Nearly half of all physicians describe themselves as burned out, according to a recent survey. The Medscape Physician Lifestyle Report, released earlier this year, found that 46% of all physicians were burned out, up substantially from 40% in 2013.
The specialties reporting the highest levels of burnout were critical care, at 53%, and emergency medicine, at 52%. Family and internal medicine were close behind at 50%. Specialties with the lowest burnout rate included dermatology at 37%, and psychiatry/mental health at 38%.
The survey defined burnout as a “loss of enthusiasm for work, feelings of cynicism and a low sense of personal accomplishment.” According to the study, multiple factors have contributed to growing disillusionment in medicine, including longer hours, lower income, excessive paperwork and increased computerization.
Michael Udwin, MD, executive director of physician engagement for McKesson, said physicians feel besieged by regulatory demands, growing workloads and declining reimbursements. Primary care doctors, in particular, he said, are concerned about increased competition from non-traditional retail clinics. Narrow payer networks favoring lower-cost providers also are creating angst across all specialties.
“I think a lot of expectations that people had when they went into medicine, in terms of independence and earning power, are proving more difficult to achieve and sustain today,” Dr. Udwin said.
Louis Wright, MD, a consultant with McKesson, said that “continual, erratic, non-predictive changes in payment policy” are proving problematic for physicians.
The American Medical Association (AMA) has warned that physician Medicare reimbursements could be cut by 13% over the next five years due to a “regulatory tsunami,” according to the Medscape survey. In addition, the survey states, an estimated 250,000 physicians and other providers will be penalized 1% of their Medicare payments this year for failing to achieve meaningful use of their electronic health record (EHR).
In face of tighter margins, independent practices face major difficulties keeping up with regulatory and technology demands. The result, Dr. Udwin said, is that a growing number are seeking the stability and support that employment can provide.

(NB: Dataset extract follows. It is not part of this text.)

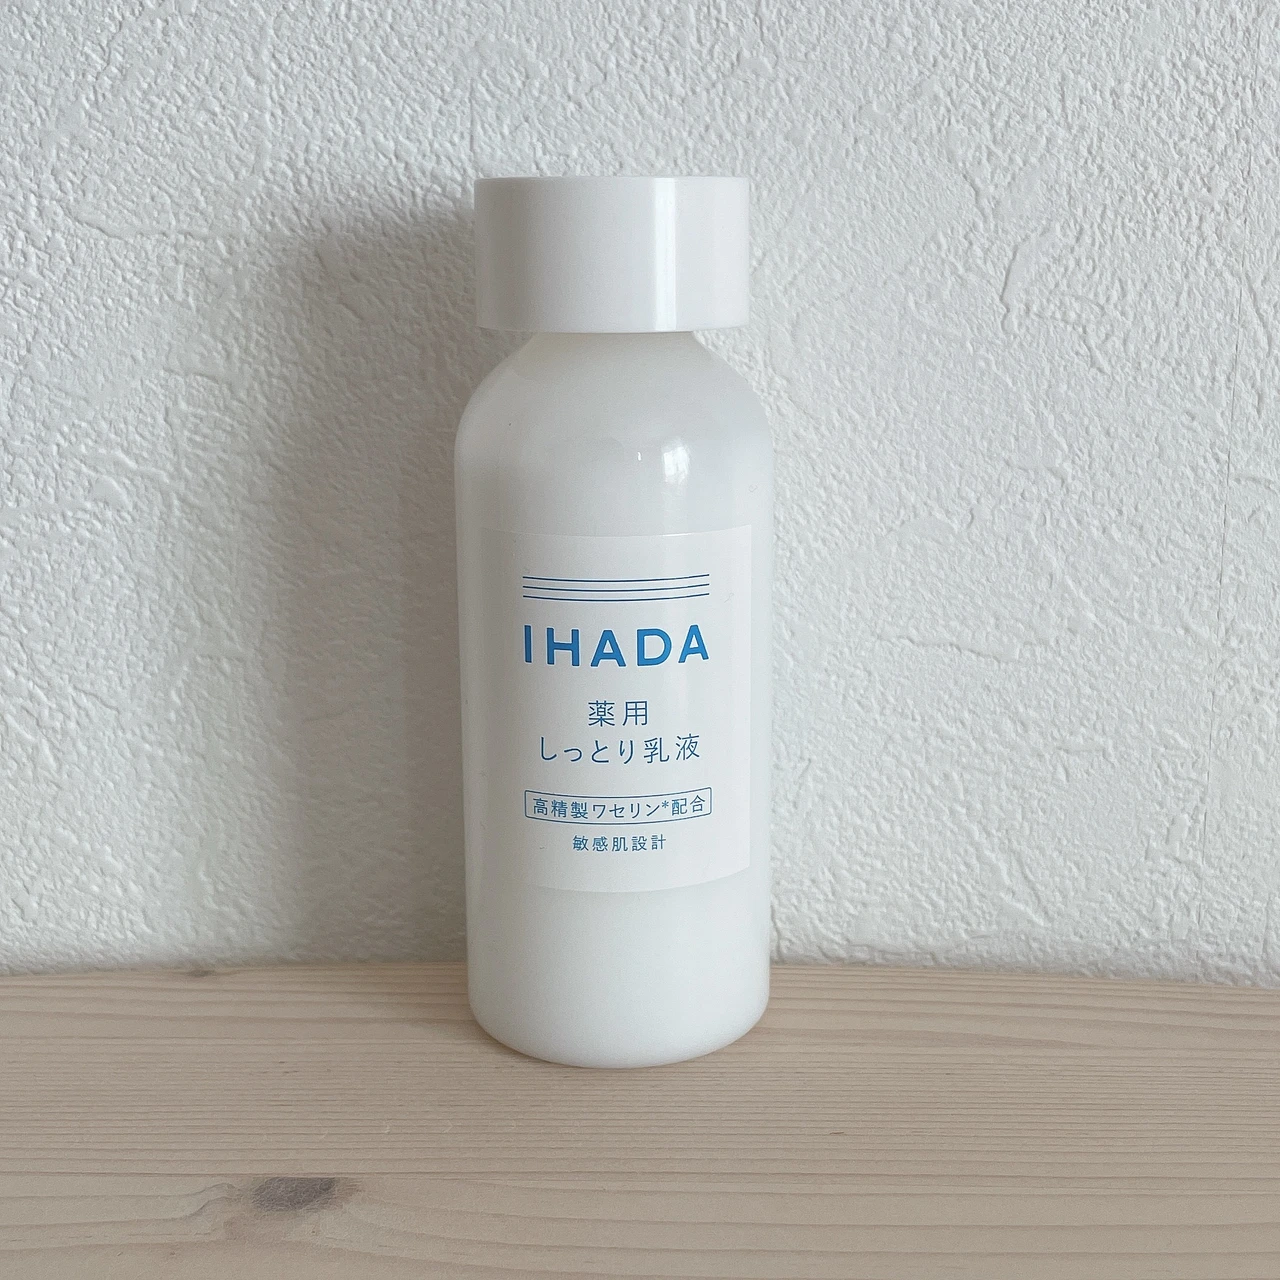 【ゆらぎケアに】IHADA(イハダ)の高精製ワセリン配合スキンケアで季節の変わり目の肌荒れ対策！効果的な使い方もご紹介します♡_4_1

Between 2012 and 2013, solo practitioners decreased from 21% to 15% according to a 2013 survey by Jackson Healthcare. Over the same period of time, the percentage of doctors employed by hospitals jumped from 20% to 26%. The percentage of physicians with an ownership stake in their practice remained relatively stable at 22%-23%.1
Reversing the factors that are contributing to burnout will require change on a variety of fronts, according to Dr. Wright. He cited the absence of expert and informed medical guidance at the policy level as a major reason behind healthcare’s increasingly untenable paperwork demands.
“The system should recognize at some point that it would be much better served if physicians were in strategic, high-level positions, not necessarily making policy but informing policy,” he said. “Part of that is admittedly the fault of medicine, because physicians need to prepare themselves better to become engaged in high-level decisions.”
Dr. Wright added that adjusting work-life balance is essential to easing burnout. According to the Medscape Physician Lifestyle Report, research shows that being able to control work hours and schedule can play an important role in reducing stress, improving career satisfaction and reducing burnout. One study, the report stated, focused on improving resilience in physicians so they could more effectively balance and prioritize work and personal life. Physicians in the study reported that learning to set limits improved their sense of well-being and productivity.
“More than ever, we’ve got to adjust our expectations and understand that trade-offs have to be made between work and personal life,” Dr. Wright said.